Lily has both posed with me as a model, and hired me when she’s been a life drawing class teacher or facilitator; now here she was as an artist honing another skill – kudos for that. I myself had to demonstrate but one skill: sustaining poses that were suitable for monotype production. These commenced with a pair of 10-minute standing poses, first facing one way, then modified and facing the opposite direction.

From the warm-up exercises I noticed that prints seemed to emerge as a combination of strong outlines and washes of texture; almost no internal detail or shading featured. Thus, I made sure all my initial poses were open and outward-reaching, with my limbs creating at least one area of negative space. For poses three and four, I sat on a stool for 15-minutes, and then lay on the floor with one arm raised for another 15-minutes.

In most life drawing sessions there is a gap of just a few seconds between poses – as long as it takes the model to move, basically – but here it was five minutes each time, allowing artists to press their inking onto paper. After the fourth pose, we took a longer break so people could pop out for snacks. Upon resuming, we had 40 minutes left so I settled on the stool again for a single pose that would take us to our 1pm finish.

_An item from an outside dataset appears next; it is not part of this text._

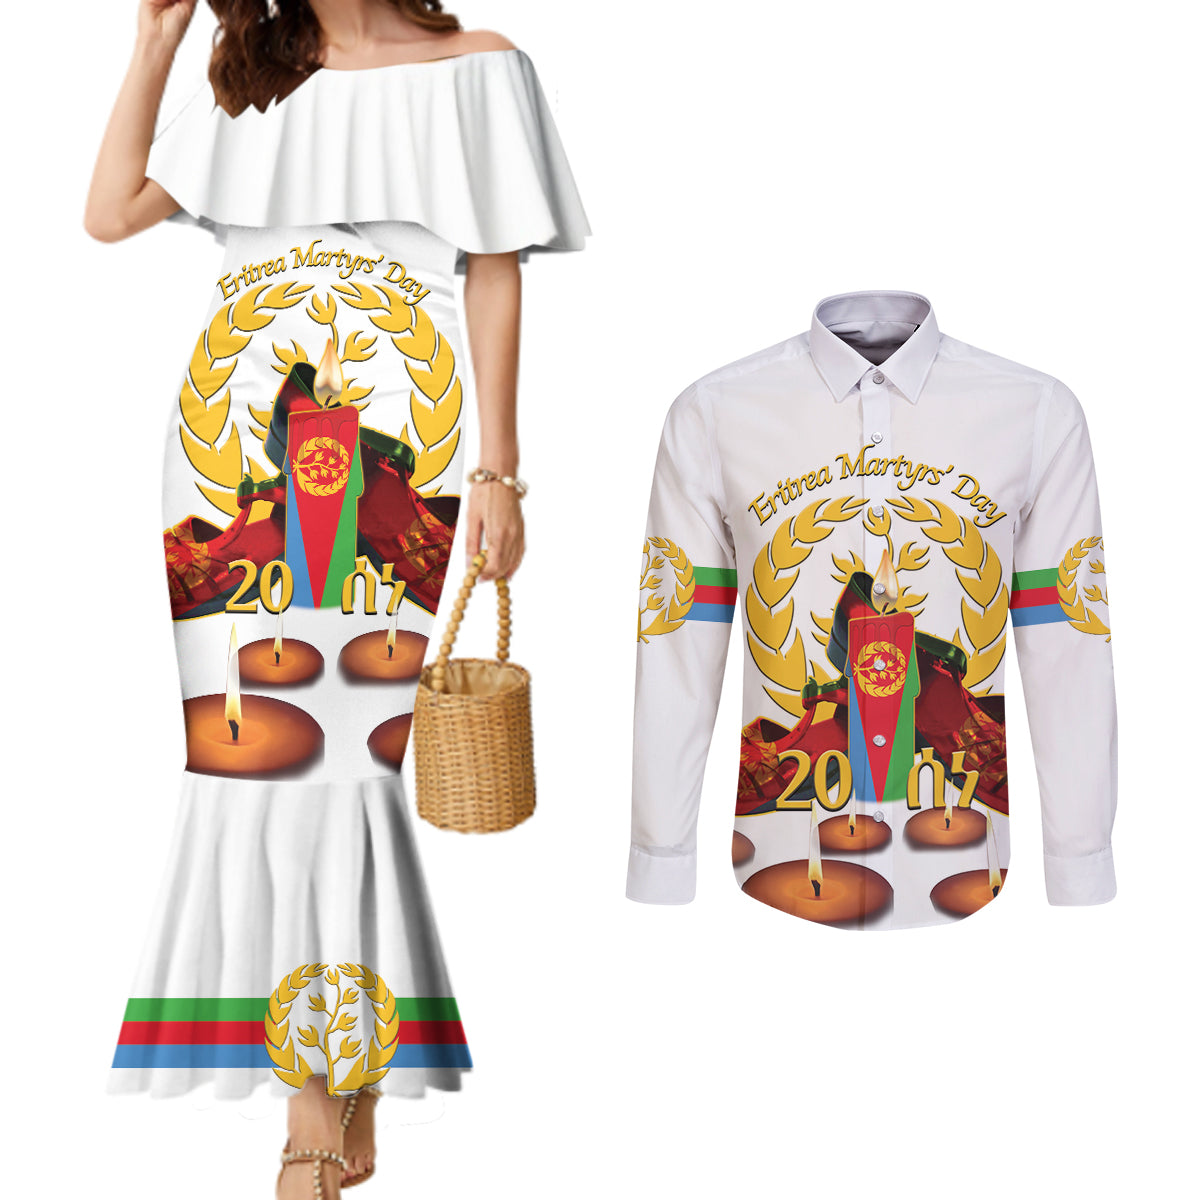 Custom Eritrea Martyrs' Day Couples Matching Mermaid Dress and Long Sleeve Button Shirt 20 June Shida Shoes With Candles - White

I felt 40 minutes offered the artists more time to experiment with detail, if they wished, so I folded my arms in to make a loop around one knee. Anyone who wanted to study the fiddly connections of limbs could do so, whilst an interesting (hopefully) silhouette with many negative spaces remained for those focused on outline. The diverse set of resulting artworks seemed to vindicate that choice. In all, a fascinating experience.